The way the board is set these days, few areas of EU competition law are as topical as fiscal state aid. The household names involved in the tax ruling cases (e.g. Apple, Amazon, Starbucks), coupled with the transatlantic tensions to which they have occasionally given rise, have brought state aid policy to the forefront of Commissioner Vestager’s work.

Building on some noteworthy quotes by Mikhail Tal, this post will endeavour to make sense of the different moving pieces on the state aid chessboard, describe the current state of play and evaluate the Commissioner’s “checkmating” odds.

“I like to grasp the initiative and not give my opponent peace of mind.”

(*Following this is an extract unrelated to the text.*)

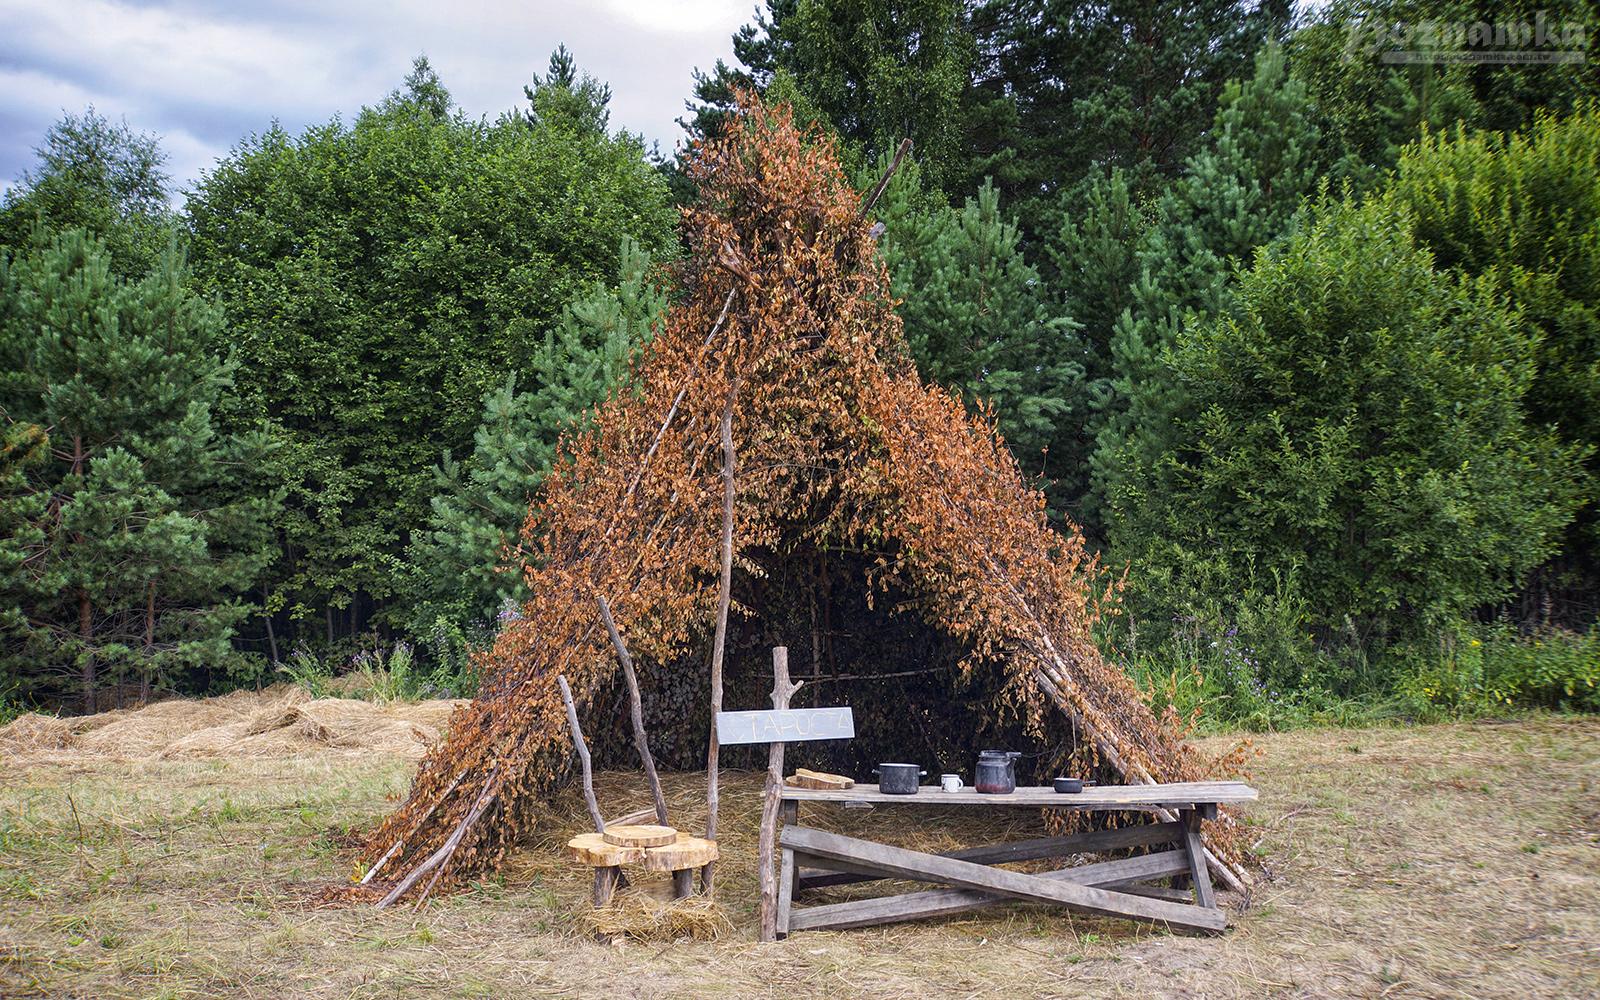 Как сделать шалаш из досок на земле. домик на дереве своими руками: фото, чертежи, поэтапно делаем детский домик из дерева

Commissioner Vestager “inherited” the ongoing wave of fiscal state aid questions from Commissioner Almunia. Under her stewardship, the wave morphed into a … tropical cyclone. Apart from the four investigations that had already been opened (Apple, Fiat, Starbucks and Amazon), Commissioner Vestager launched seven more probes and has so far concluded eight in total, all but one with a finding of state aid. In the meantime, DG COMP published a Notice on the Notion of State aid and a Working Paper on State Aid and Tax Rulings in 2016, while the Commission’s Legal Service has valiantly defended its decisions before the General Court.

The start of the Competition Commissioner’s mandate in November 2014 coincided with the well-known LuxLeaks scandal. An investigation conducted by the International Consortium of Investigative Journalists revealed that Luxembourg’s authorities had issued hundreds of tax rulings that helped drastically reduce multinationals’ tax burden. The names of the companies were made public and those included Pepsi, IKEA, Walt Disney and Deutsche Bank, among others. The findings attracted international attention and spurred a lively debate on tax avoidance practices.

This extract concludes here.